Hers was one of the 16 cases in which the CBI filed a chargesheet as part of its probe into the Nithari killings, naming Surinder Koli — the domestic help of Moninder Pandher, the owner of house number ‘D-5’ — as the accused. 

On Monday, the Allahabad High Court acquitted Koli in 12 cases and Pandher in two. While this means that Pandher will now walk free since he has been acquitted in all of the six cases lodged against him, Koli will remain behind bars owing to a Supreme Court judgment upholding his conviction in the rape and murder case of the 14-year-old girl.

A special CBI court had in 2009 sentenced both Koli and Pandher to death in this case. The Allahabad High Court later acquitted Pandher, while upholding Koli’s sentence. Koli then challenged the verdict in the Supreme Court, which upheld the verdict of the high court.

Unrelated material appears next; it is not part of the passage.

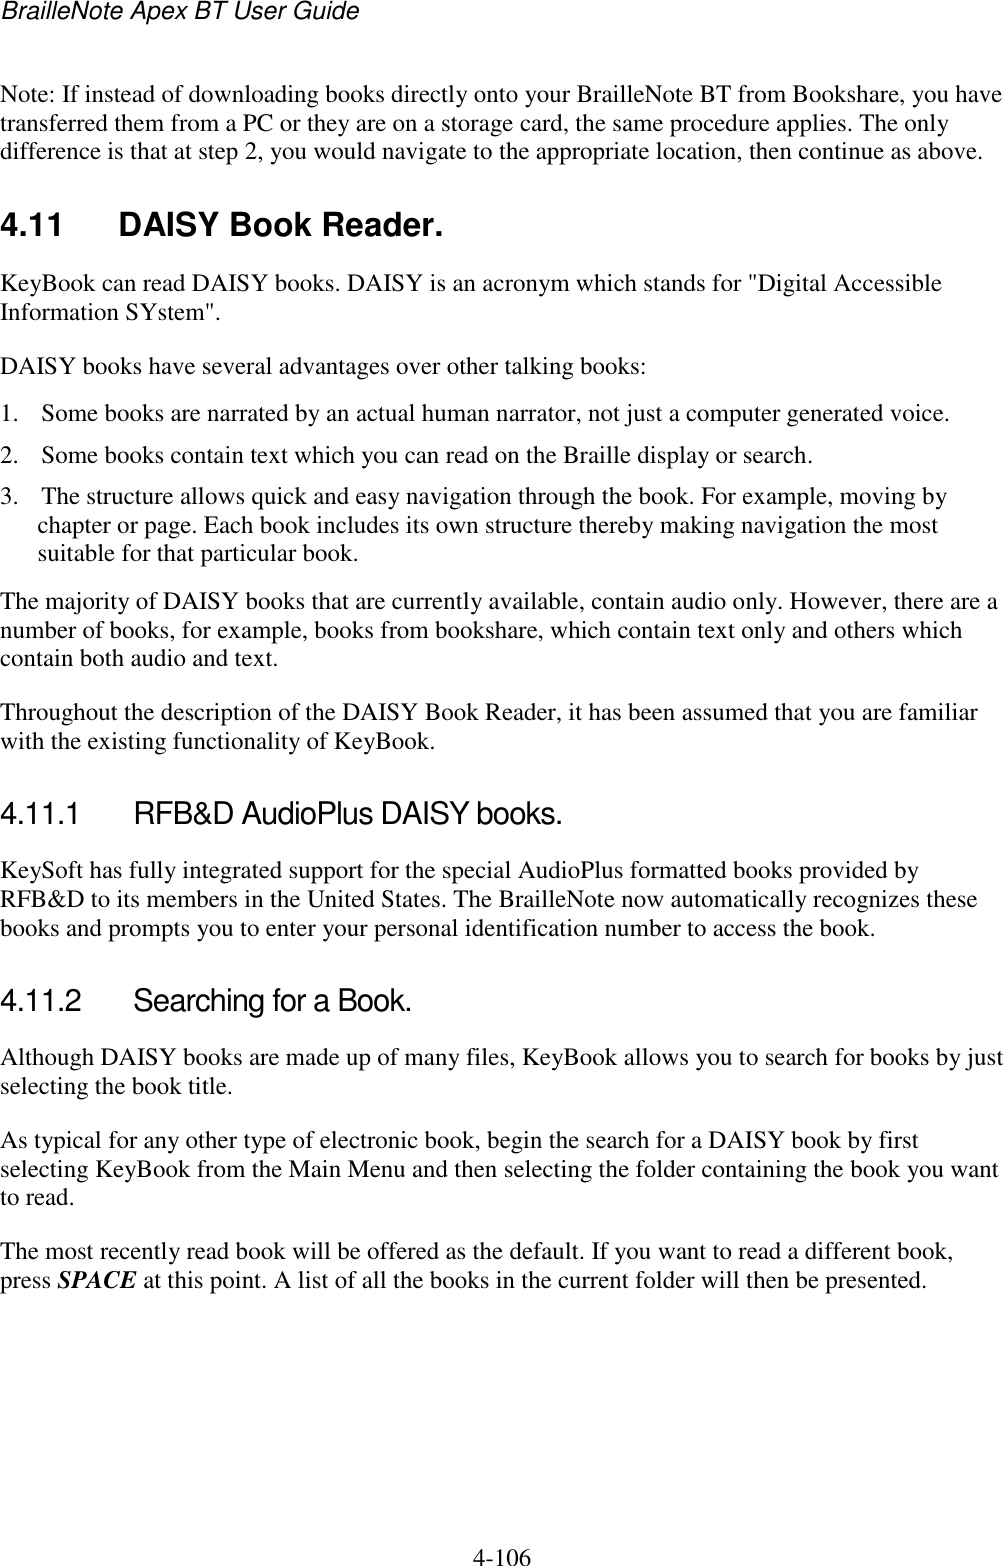 BrailleNote Apex BT User Guide   4-106   Note: If instead of downloading books directly onto your BrailleNote BT from Bookshare, you have transferred them from a PC or they are on a storage card, the same procedure applies. The only difference is that at step 2, you would navigate to the appropriate location, then continue as above.  4.11  DAISY Book Reader. KeyBook can read DAISY books. DAISY is an acronym which stands for &quot;Digital Accessible Information SYstem&quot;. DAISY books have several advantages over other talking books: 1. Some books are narrated by an actual human narrator, not just a computer generated voice. 2. Some books contain text which you can read on the Braille display or search. 3. The structure allows quick and easy navigation through the book. For example, moving by chapter or page. Each book includes its own structure thereby making navigation the most suitable for that particular book. The majority of DAISY books that are currently available, contain audio only. However, there are a number of books, for example, books from bookshare, which contain text only and others which contain both audio and text.  Throughout the description of the DAISY Book Reader, it has been assumed that you are familiar with the existing functionality of KeyBook.  4.11.1  RFB&amp;D AudioPlus DAISY books. KeySoft has fully integrated support for the special AudioPlus formatted books provided by RFB&amp;D to its members in the United States. The BrailleNote now automatically recognizes these books and prompts you to enter your personal identification number to access the book.  4.11.2  Searching for a Book. Although DAISY books are made up of many files, KeyBook allows you to search for books by just selecting the book title.  As typical for any other type of electronic book, begin the search for a DAISY book by first selecting KeyBook from the Main Menu and then selecting the folder containing the book you want to read. The most recently read book will be offered as the default. If you want to read a different book, press SPACE at this point. A list of all the books in the current folder will then be presented.

Also Read: ‘Call girls, old recordings’: How ‘jilted’ Delhi Police constable hid sub-inspector’s murder for 2 yrs


14-year-old girl’s rape-murder

Nearly five months after their daughter went missing from Noida, parents of the 14-year-old girl filed a missing persons report on 20 July, 2005.

In December 2006, her mother — upon hearing that skeletal remains had been found behind a house in Nithari village — rushed to the spot and identified her personal effects. A DNA test confirmed that among the remains recovered were those of the 14-year-old girl.

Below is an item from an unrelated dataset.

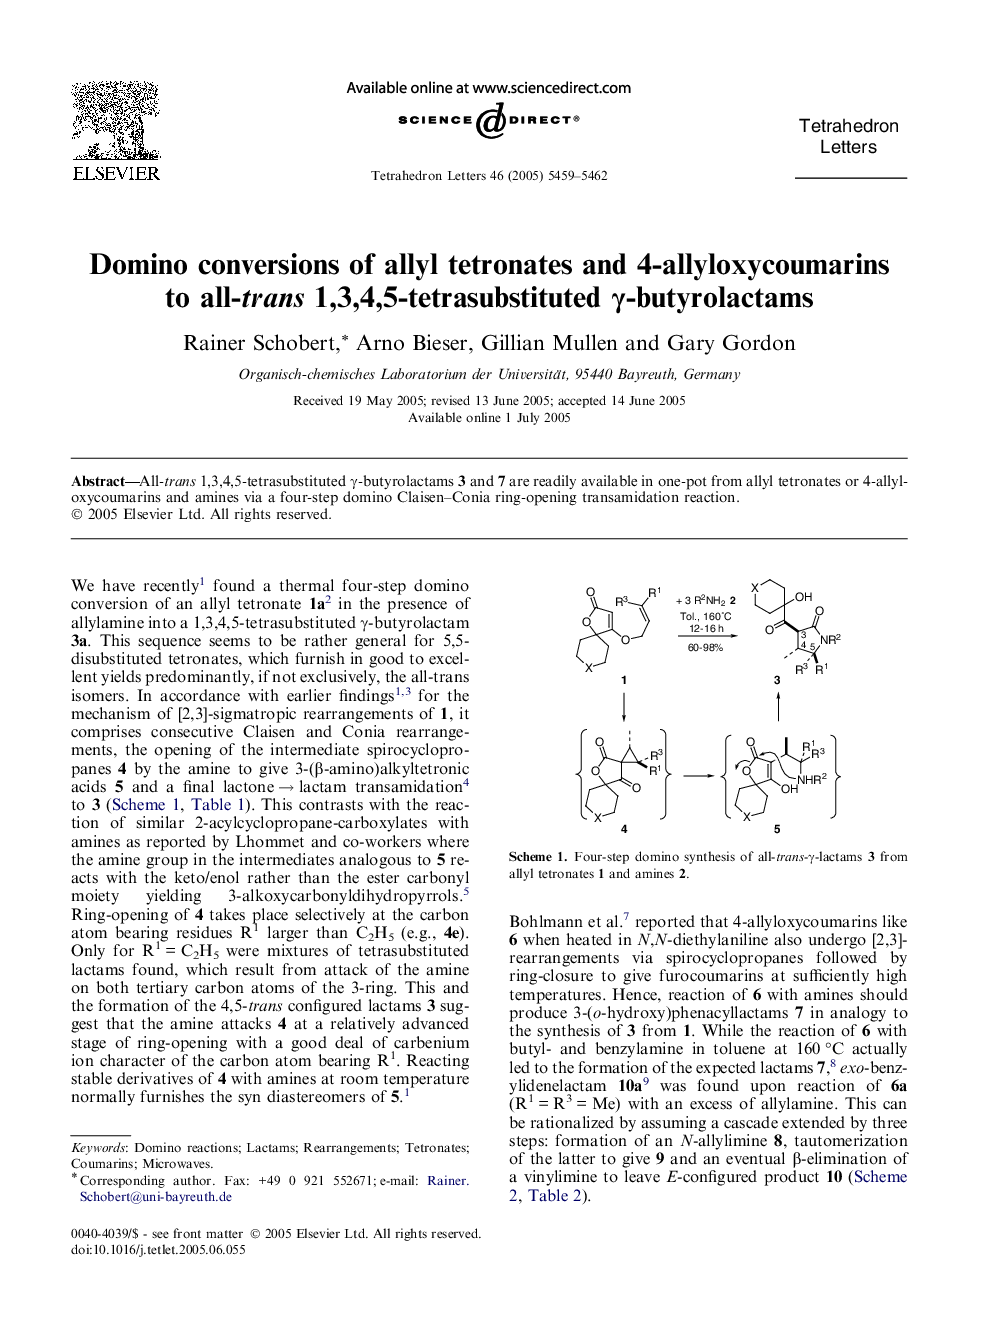 Domino conversions of allyl tetronates and 4-allyloxycoumarins to all-trans 1,3,4,5-tetrasubstituted Î³-butyrolactams

Both Koli and Pandher were arrested by the Noida police on 29 December. Not long after that, the case was transferred to the CBI in January 2007. The CBI registered an FIR in the case involving the minor girl on 11 January, 2007. It later chargesheeted Koli under sections of the Indian Penal Code (IPC) pertaining to kidnapping, rape and murder.

While Pandher was not named in the CBI chargesheet in this case, he was summoned by the court under section 319 of the CrPC (when in court of inquiry or trial, it appears from evidence that a person not accused has committed any offence for which he or she should be tried together with the accused) and was charged under the same IPC sections as Koli. Pandher was also charged with criminal conspiracy by the central agency.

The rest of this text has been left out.